* **Work task**
Beginning at the line containing "Magnifique ensemble de", repeat each line below exactly up to and including the line containing "Volvo D5A T". Do not repeat the pictures.

* **Extracted material**
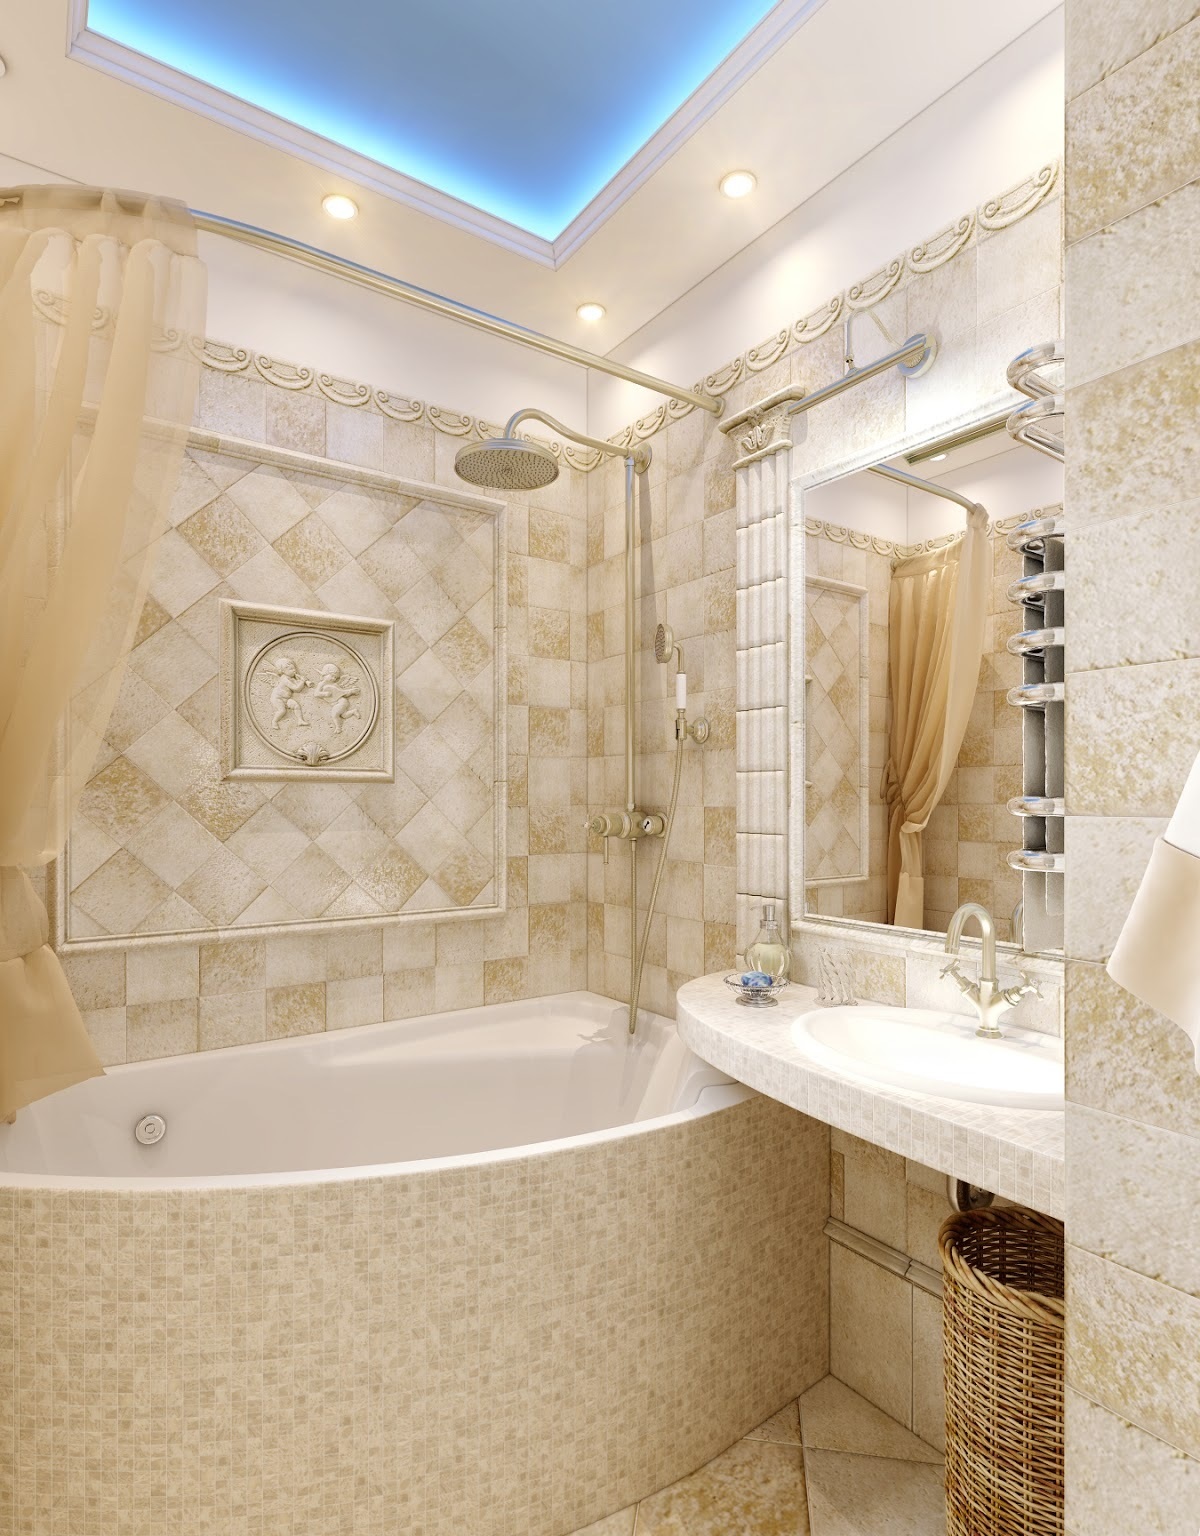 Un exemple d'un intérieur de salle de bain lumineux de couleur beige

* * *

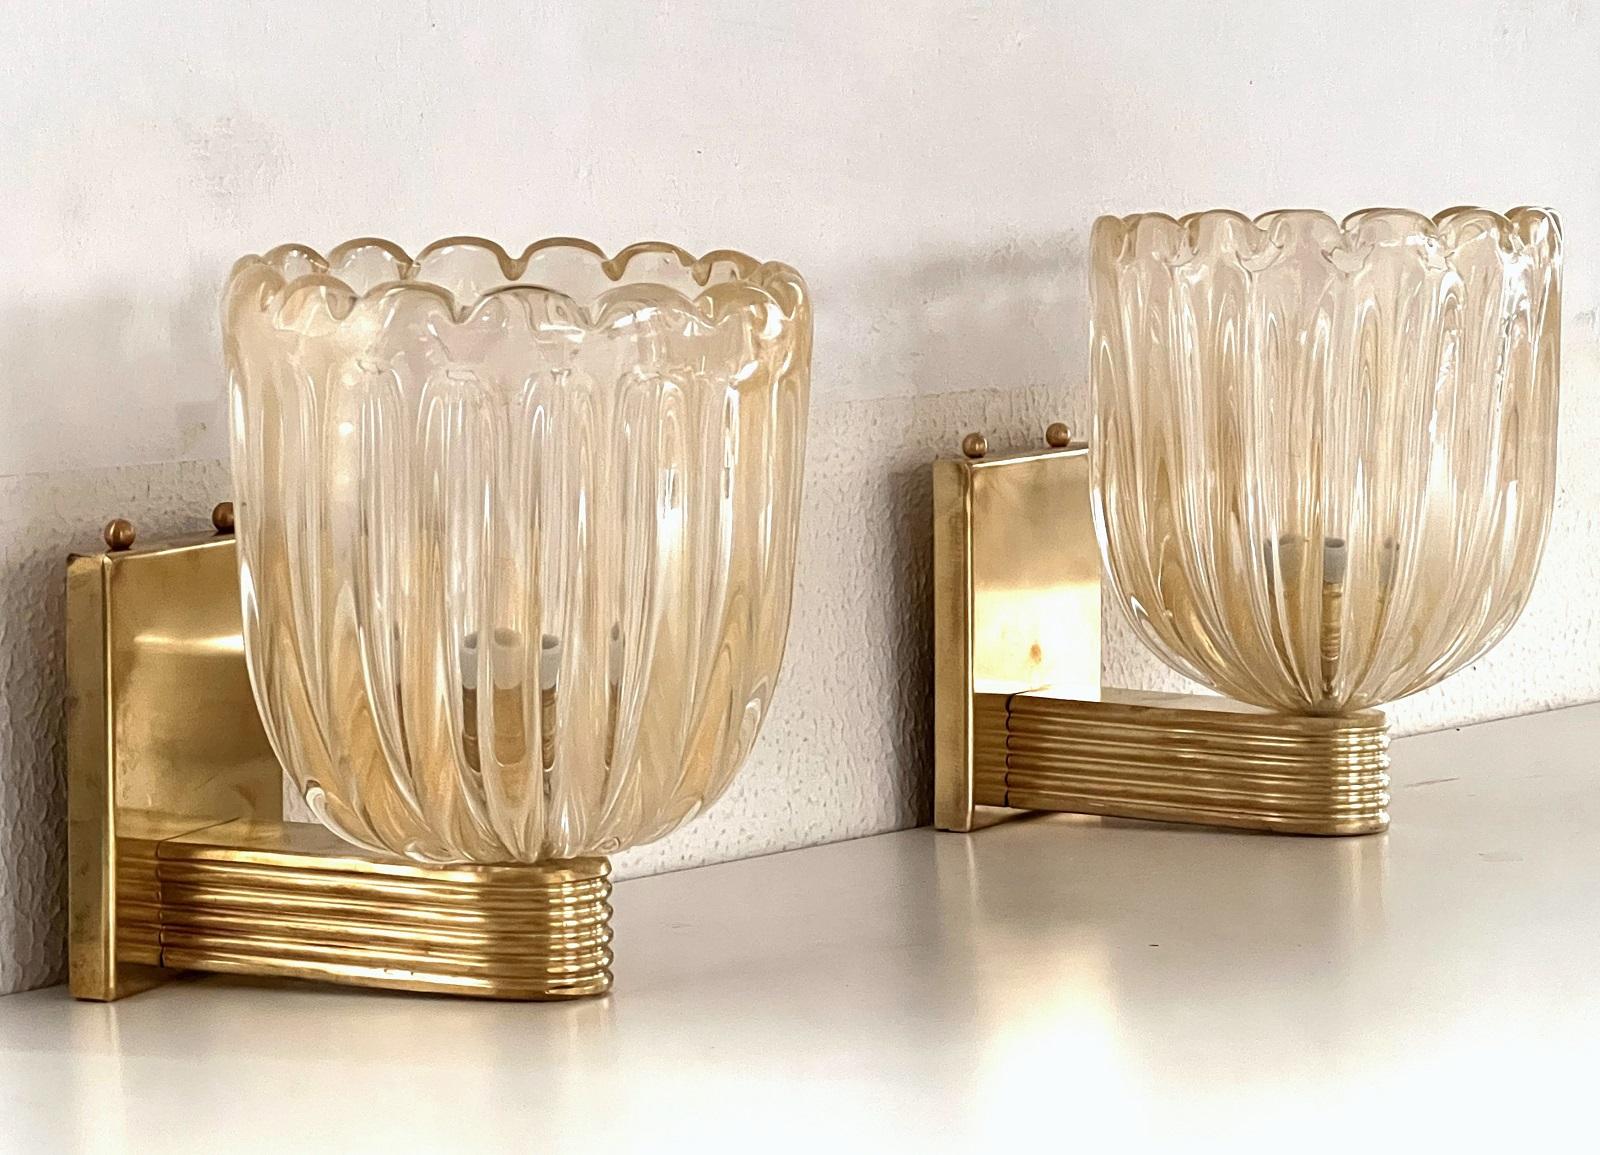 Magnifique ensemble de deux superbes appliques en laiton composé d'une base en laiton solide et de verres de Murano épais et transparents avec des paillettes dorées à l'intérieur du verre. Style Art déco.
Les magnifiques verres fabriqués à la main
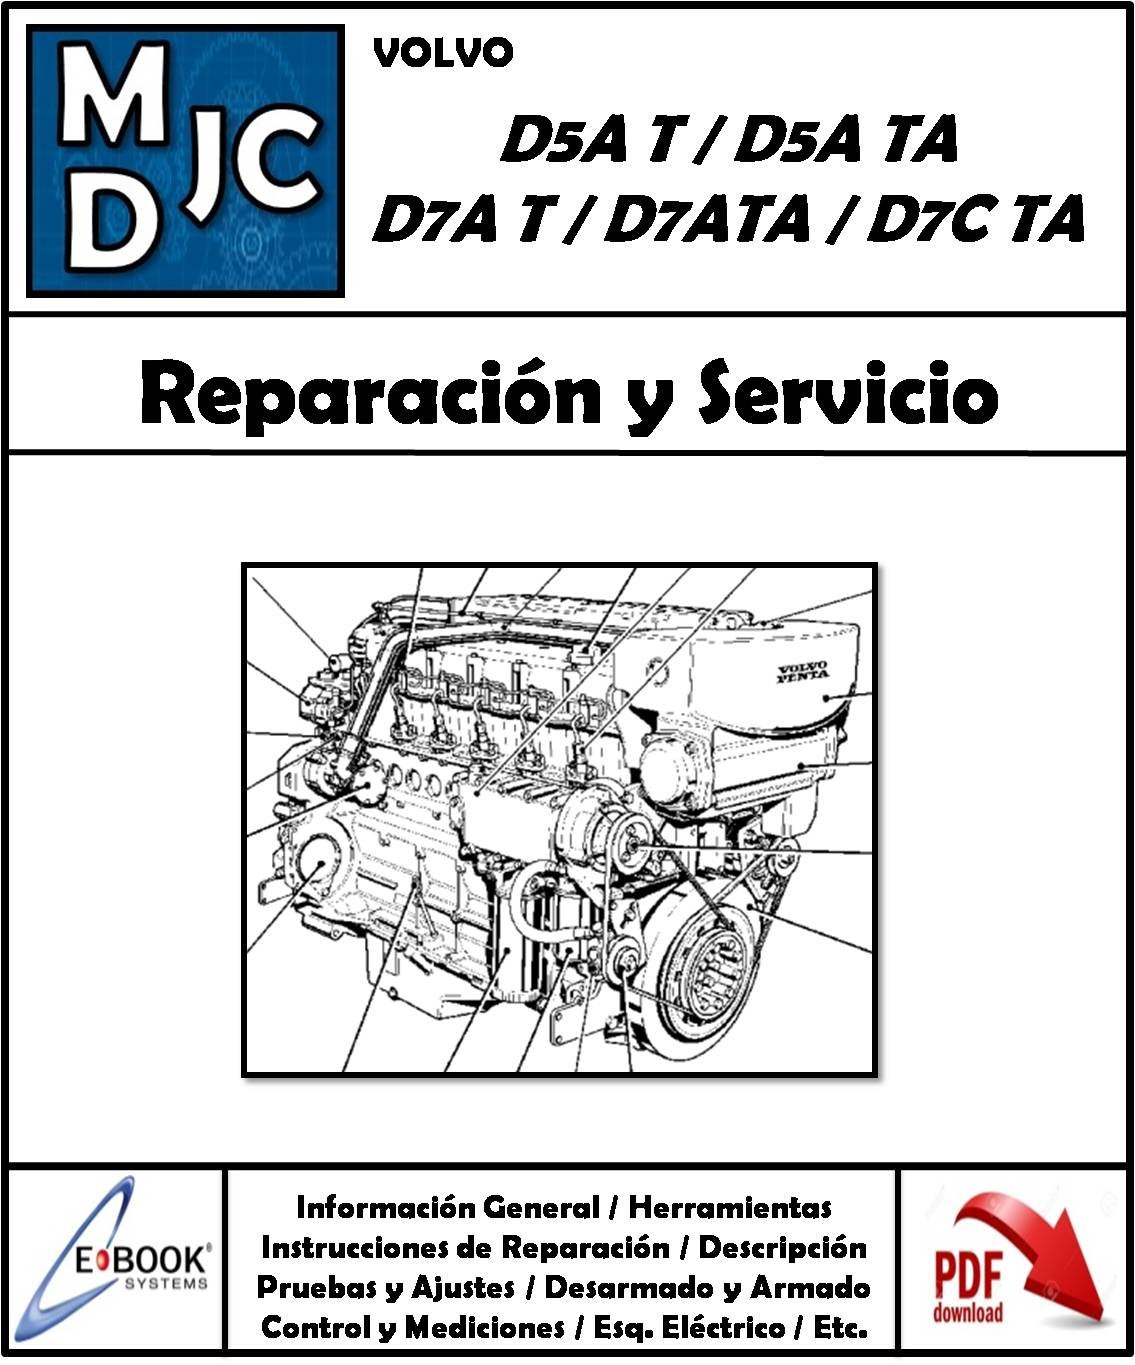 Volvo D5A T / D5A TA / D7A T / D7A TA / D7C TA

* **Answer area**
 Magnifique ensemble de deux superbes appliques en laiton composé d'une base en laiton solide et de verres de Murano épais et transparents avec des paillettes dorées à l'intérieur du verre. Style Art déco.
Les magnifiques verres fabriqués à la main
 Volvo D5A T / D5A TA / D7A T / D7A TA / D7C TA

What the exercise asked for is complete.